Voegelin writes: “Imagination, as a structure in the process of a reality that moves towards its truth, belongs both to human consciousness in its bodily location and to the reality that comprehends bodily located man as a partner in the community of being. There is no truth symbolized without man’s imaginative power to find the symbols that will express his response to the appeal of reality; but there is no truth to be symbolized without the comprehending It-reality in which such structures as man with his participatory consciousness, experiences of appeal and response, language, and imagination occur.” These words contain a lifetime’s worth of meditation.
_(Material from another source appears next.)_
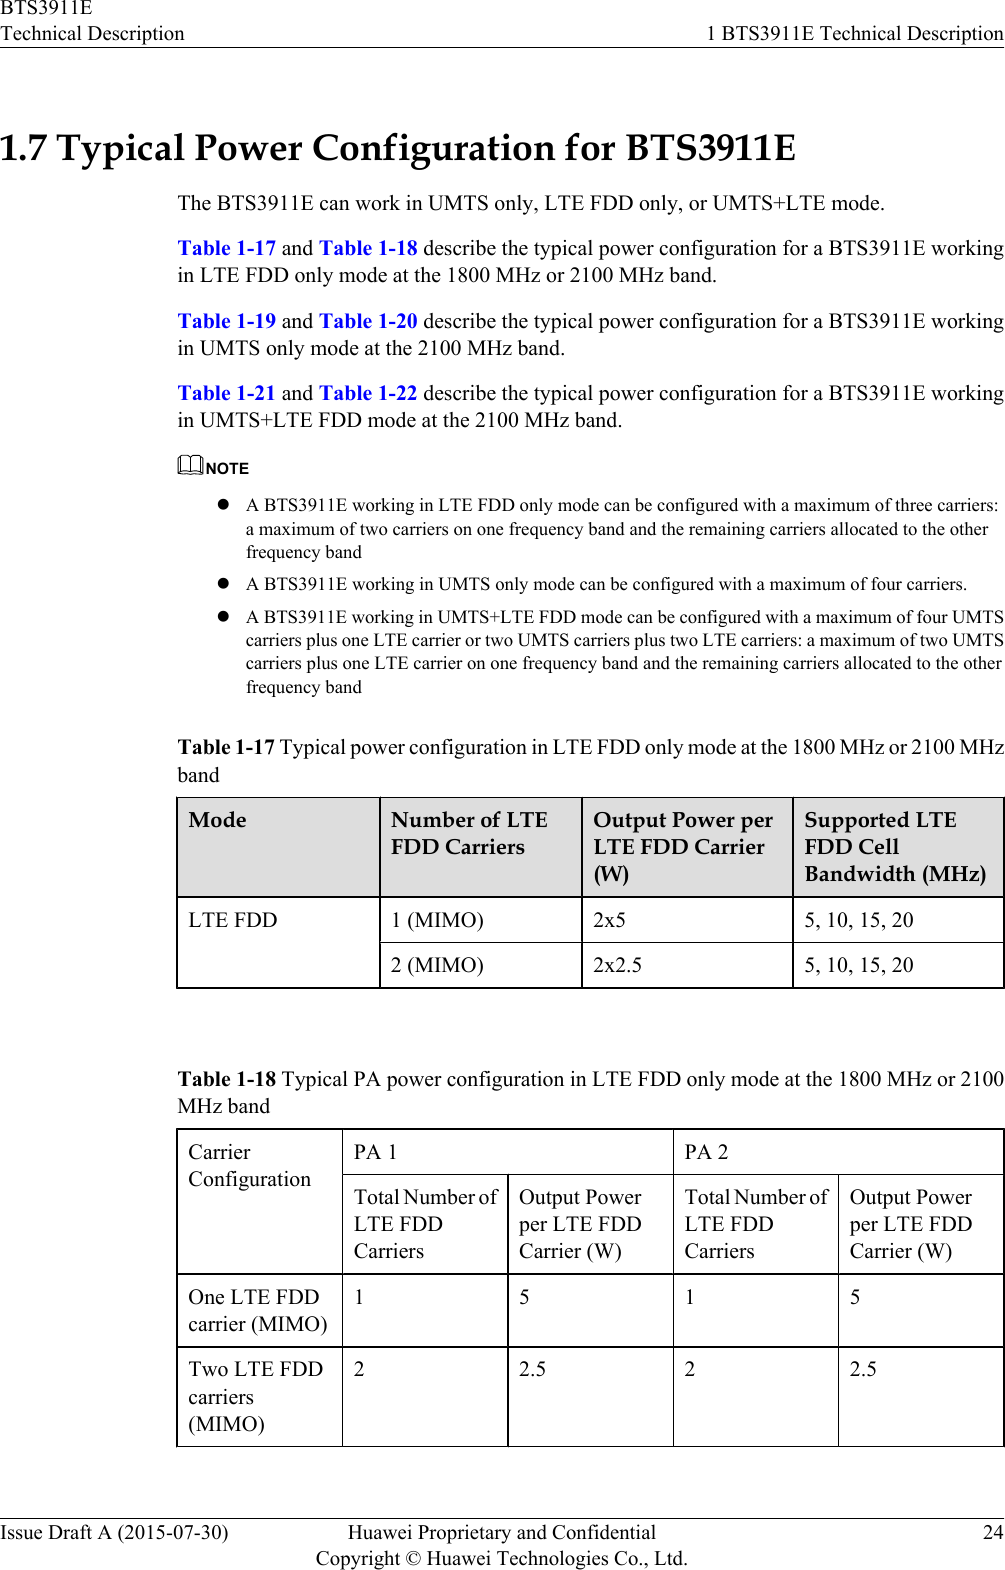 1.7 Typical Power Configuration for BTS3911EThe BTS3911E can work in UMTS only, LTE FDD only, or UMTS+LTE mode.Table 1-17 and Table 1-18 describe the typical power configuration for a BTS3911E workingin LTE FDD only mode at the 1800 MHz or 2100 MHz band.Table 1-19 and Table 1-20 describe the typical power configuration for a BTS3911E workingin UMTS only mode at the 2100 MHz band.Table 1-21 and Table 1-22 describe the typical power configuration for a BTS3911E workingin UMTS+LTE FDD mode at the 2100 MHz band.NOTElA BTS3911E working in LTE FDD only mode can be configured with a maximum of three carriers:a maximum of two carriers on one frequency band and the remaining carriers allocated to the otherfrequency bandlA BTS3911E working in UMTS only mode can be configured with a maximum of four carriers.lA BTS3911E working in UMTS+LTE FDD mode can be configured with a maximum of four UMTScarriers plus one LTE carrier or two UMTS carriers plus two LTE carriers: a maximum of two UMTScarriers plus one LTE carrier on one frequency band and the remaining carriers allocated to the otherfrequency bandTable 1-17 Typical power configuration in LTE FDD only mode at the 1800 MHz or 2100 MHzbandMode Number of LTEFDD CarriersOutput Power perLTE FDD Carrier(W)Supported LTEFDD CellBandwidth (MHz)LTE FDD 1 (MIMO) 2x5 5, 10, 15, 202 (MIMO) 2x2.5 5, 10, 15, 20 Table 1-18 Typical PA power configuration in LTE FDD only mode at the 1800 MHz or 2100MHz bandCarrierConfigurationPA 1 PA 2Total Number ofLTE FDDCarriersOutput Powerper LTE FDDCarrier (W)Total Number ofLTE FDDCarriersOutput Powerper LTE FDDCarrier (W)One LTE FDDcarrier (MIMO)1 5 1 5Two LTE FDDcarriers(MIMO)2 2.5 2 2.5 BTS3911ETechnical Description 1 BTS3911E Technical DescriptionIssue Draft A (2015-07-30) Huawei Proprietary and ConfidentialCopyright © Huawei Technologies Co., Ltd.24

To participate in reality requires of the subject his willing postponement of any definitive knowledge of the whole (what elsewhere Voegelin criticizes as “the eidos of history”). The wise man “is a creative partner in the movement of reality toward its truth,” who must exercise patience and faith. Virtues being in short supply always, “this creatively formative force [imagination] is exposed to deformative perversion.” In such mischievous self-deception “the creative partner imagines himself to be the sole creator of truth.” In the last clause, we find a definition of Gnosticism, which Voegelin concludes is “a constant in history” and therefore part of the structure of reality that imaginative participation in existence needs to visualize and understand. The cumulus of words designating pathological egocentrism suggests that the Gnostic perversion really is an historical constant. Voegelin cites “such symbols as hybris, pleonexia, alazoneia tou biou, superbia vitae, pride of life, libido dominandi, and will to power.”

All such terms designate a subjective conviction of “autonomous ultimacy,” in which the person who feels the tension in existence cannot bear the tension and so “deform[s] the beginning of his quest into a Beginning that brings the End of all beginnings.”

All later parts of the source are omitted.